1 hidden layer with two neurons, and

1 output neuron.

Step-by-Step:
1.Compute the weighted sum and activation for the first hidden layer:
𝑧1=𝑤11𝑥1+𝑤12𝑥2+𝑏1,𝑎1 = 𝑓(𝑧1)

𝑧2=𝑤21𝑥1+𝑤22𝑥2+𝑏2,𝑎2=𝑓(𝑧2)

2.Compute the output:
𝑧out =𝑤𝑜1𝑎1+𝑤𝑜2𝑎2+𝑏out,𝑦=𝑓(𝑧out)


#### 5. Purpose of Forward Propagation
To generate predictions: This is used during inference.
To calculate the loss: During training, forward propagation is followed by backpropagation, where the network updates its weights to minimize the loss.
Forward propagation is efficient and is the forward "pass" in the neural network's operation.

## Q2.What is the purpose of the activation function in forward propagation?

The purpose of the activation function in forward propagation is to enhance the functionality and expressiveness of a neural network by introducing non-linearity and controlling the output of neurons. Here are the key purposes in detail:

#### 1. Introducing Non-Linearity
Real-world data often involves complex, non-linear relationships. Activation functions allow the network to learn and model such patterns.
Without non-linearity, the network would be limited to solving only linearly separable problems, regardless of its depth.
Activation functions transform the linear combinations of inputs and weights into non-linear outputs, enabling the network to approximate any function.

#### 2. Allowing Hierarchical Feature Learning
In multi-layer neural networks, activation functions enable each layer to learn more abstract and meaningful features from the previous layer's output.
Example: In an image classifier, early layers might learn edges, while deeper layers learn complex shapes or objects.
This progressive abstraction is crucial for tasks like image recognition, language processing, and other complex problems.

#### 3. Controlling the Range of Outputs
Activation functions often restrict the output to a specific range (e.g., 0 to 1, −1 to 1).
This helps:
Prevent large, unbounded values from destabilizing the network.
Provide interpretable outputs, such as probabilities in classification tasks (e.g., sigmoid or softmax).

#### 4. Enabling Backpropagation
Most activation functions are differentiable, which is essential for backpropagation during training.
Backpropagation relies on the derivative of the activation function to compute gradients for adjusting weights and biases.
Choosing an activation function with an appropriate gradient helps ensure effective learning.

#### 5. Improving Model Performance
Different activation functions are suited to different tasks, and choosing the right one can significantly affect the network's performance:
Avoiding vanishing gradients: ReLU (Rectified Linear Unit) and its variants help address the vanishing gradient problem that occurs with sigmoid or tanh in deep networks.
Sparsity: ReLU introduces sparsity by outputting zero for negative inputs, which can improve computational efficiency and reduce overfitting.

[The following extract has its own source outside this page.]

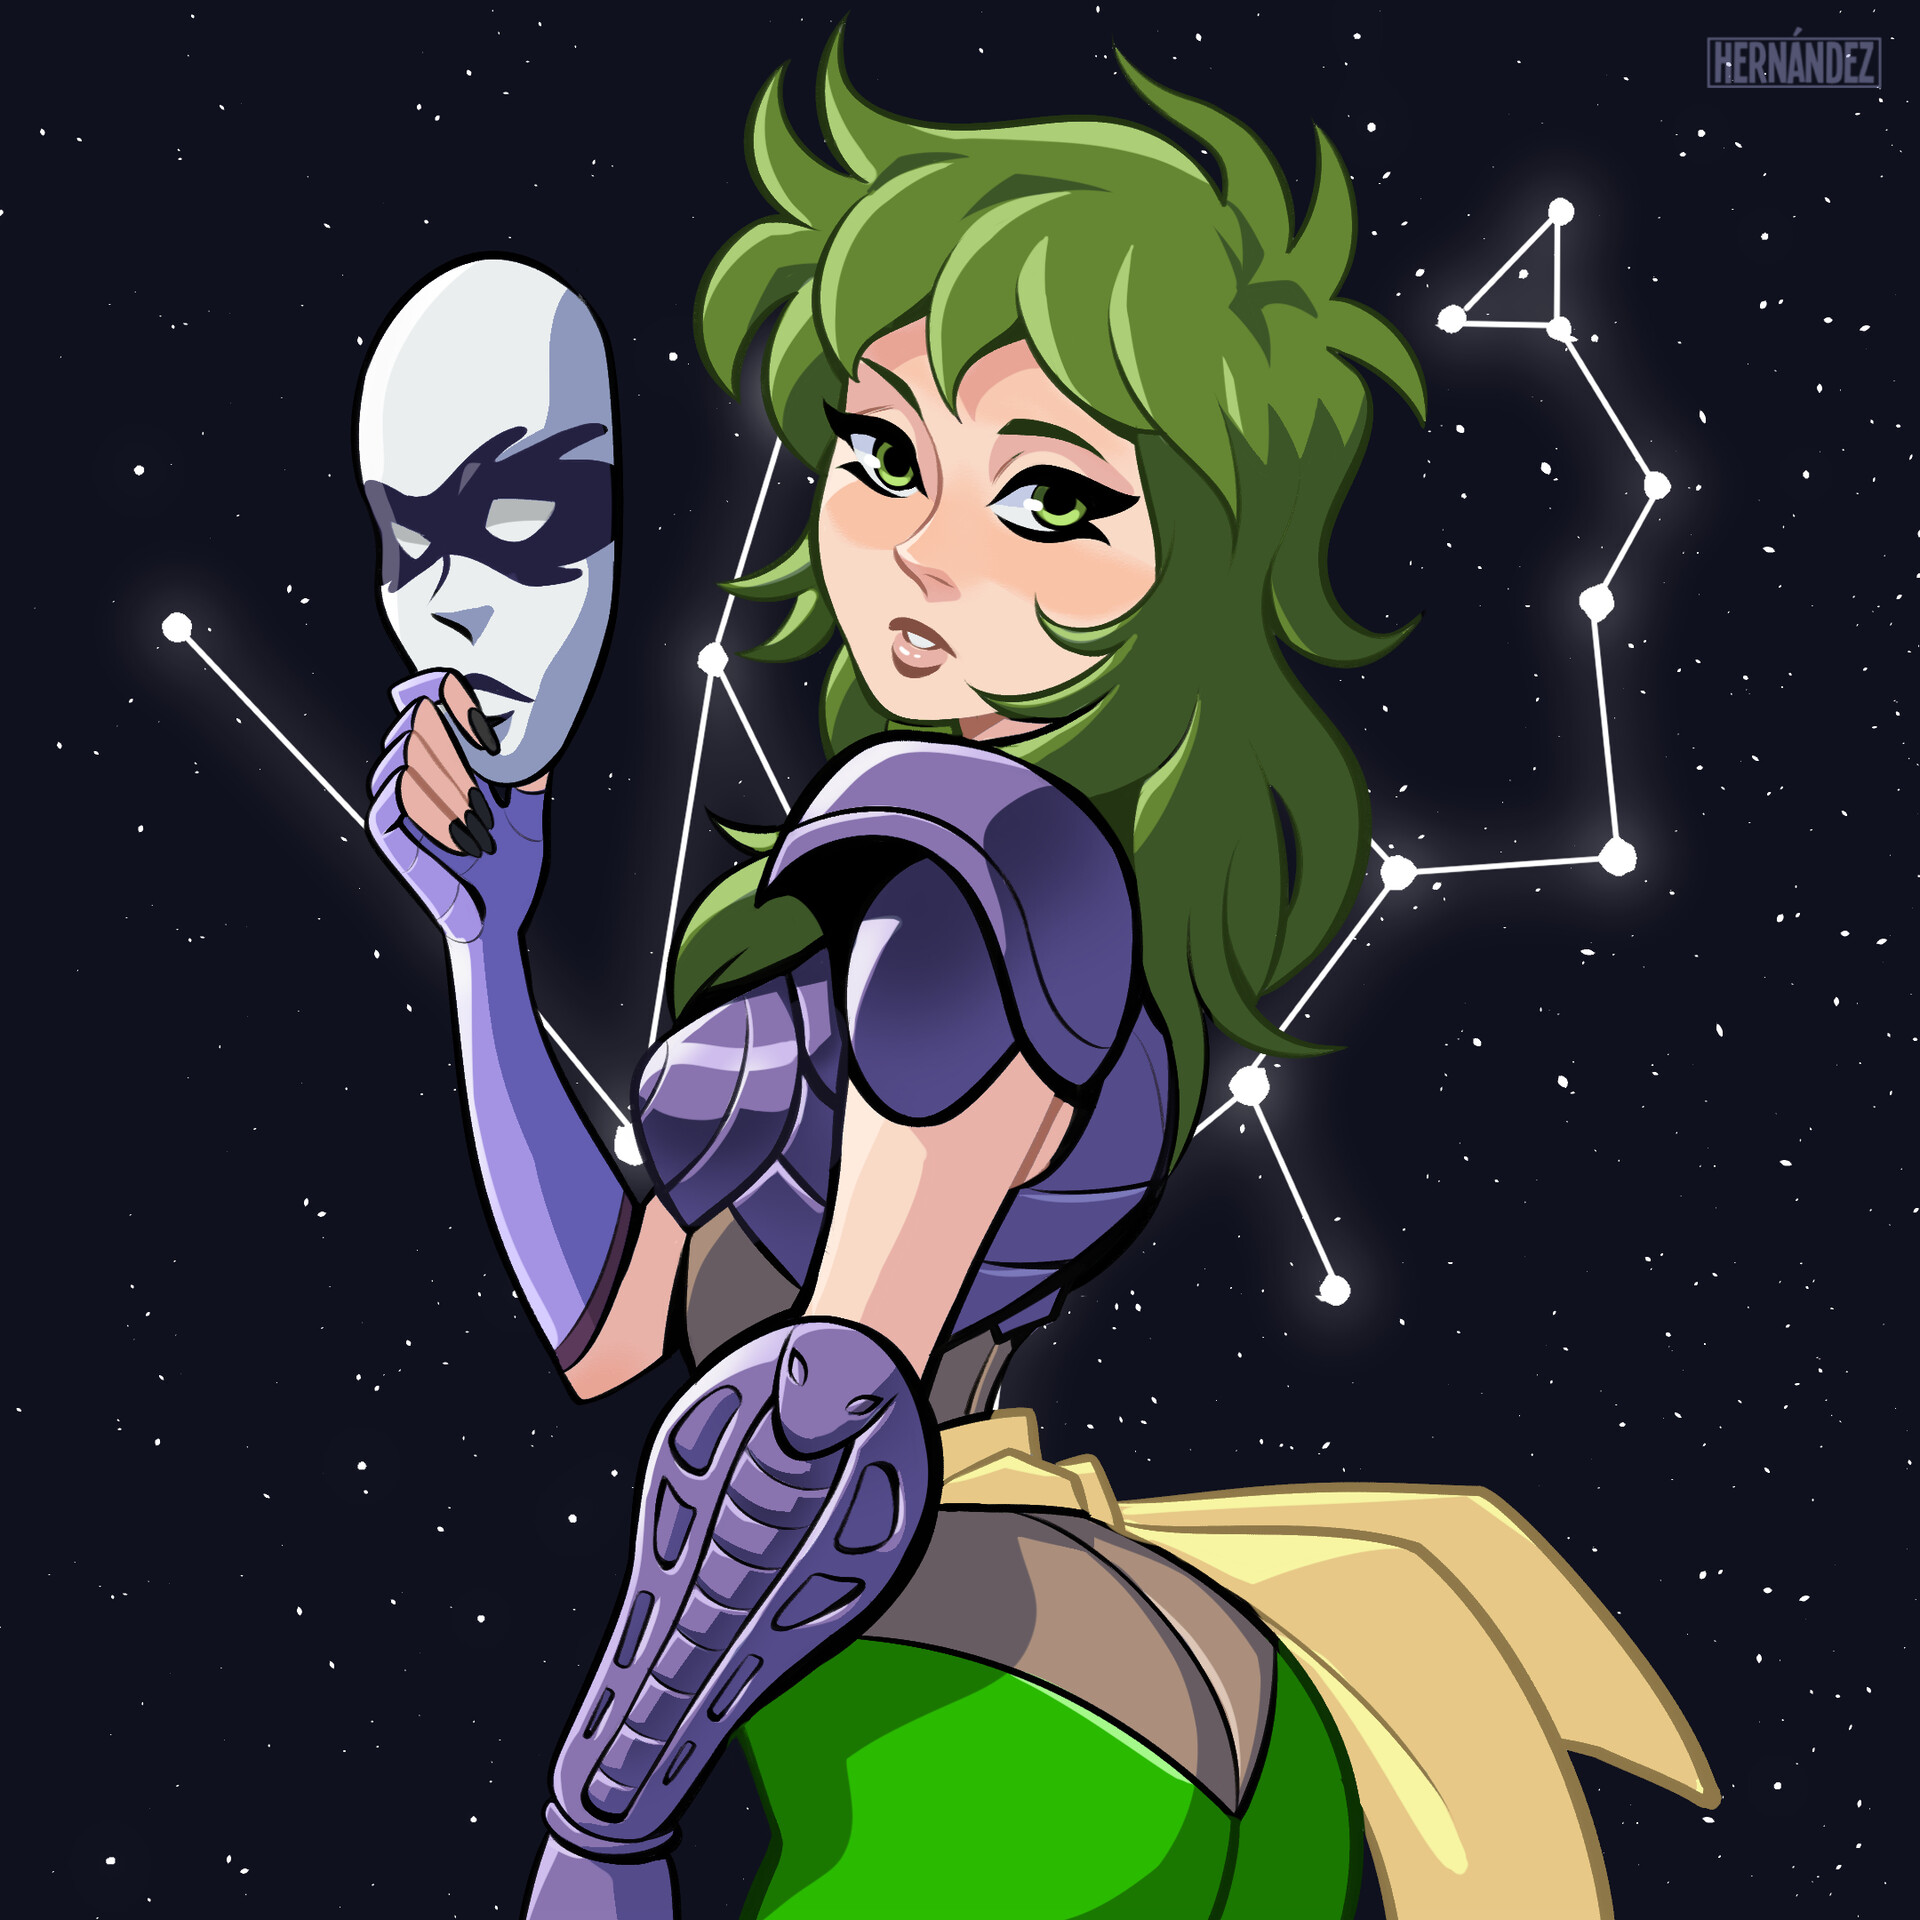 Ophiucus Shaina

In summary, the activation function transforms the raw outputs of neurons in a way that allows the neural network to learn non-linear patterns, represent hierarchical features, stabilize computations, and support the training process via backpropagation. It is a critical component that makes deep learning practical and effective for complex problems.





## 3.Describe the steps involved in the backward propagation (backpropagation) algorithm.

Here is a concise summary of the steps involved in the backpropagation algorithm:

#### 1. Forward Pass
Pass input data through the network to compute the predicted output.

Calculate the loss (error) using a loss function.

#### 2. Compute Gradients at the Output Layer
Calculate the gradient of the loss with respect to the output layer’s pre-activation values (z(L)) using the chain rule.

Compute gradients of the weights and biases in the output layer.

#### 3. Backward Pass Through Hidden Layers

For each hidden layer:
Calculate the error term (𝛿(𝑙) ) using the weights and errors from the next layer.

Compute gradients of the weights and biases in the current layer.


#### 4. Update Weights and Biases
    
Adjust the weights and biases using an optimization algorithm like gradient descent:
    W (l) ←W (l) −η ⋅ ∂L/ ∂W (l)

    b (l) ←b (l) −η⋅ ∂L / ∂b(l)
 
#### 5. Repeat
Iterate steps 1–4 for multiple epochs or until the loss converges.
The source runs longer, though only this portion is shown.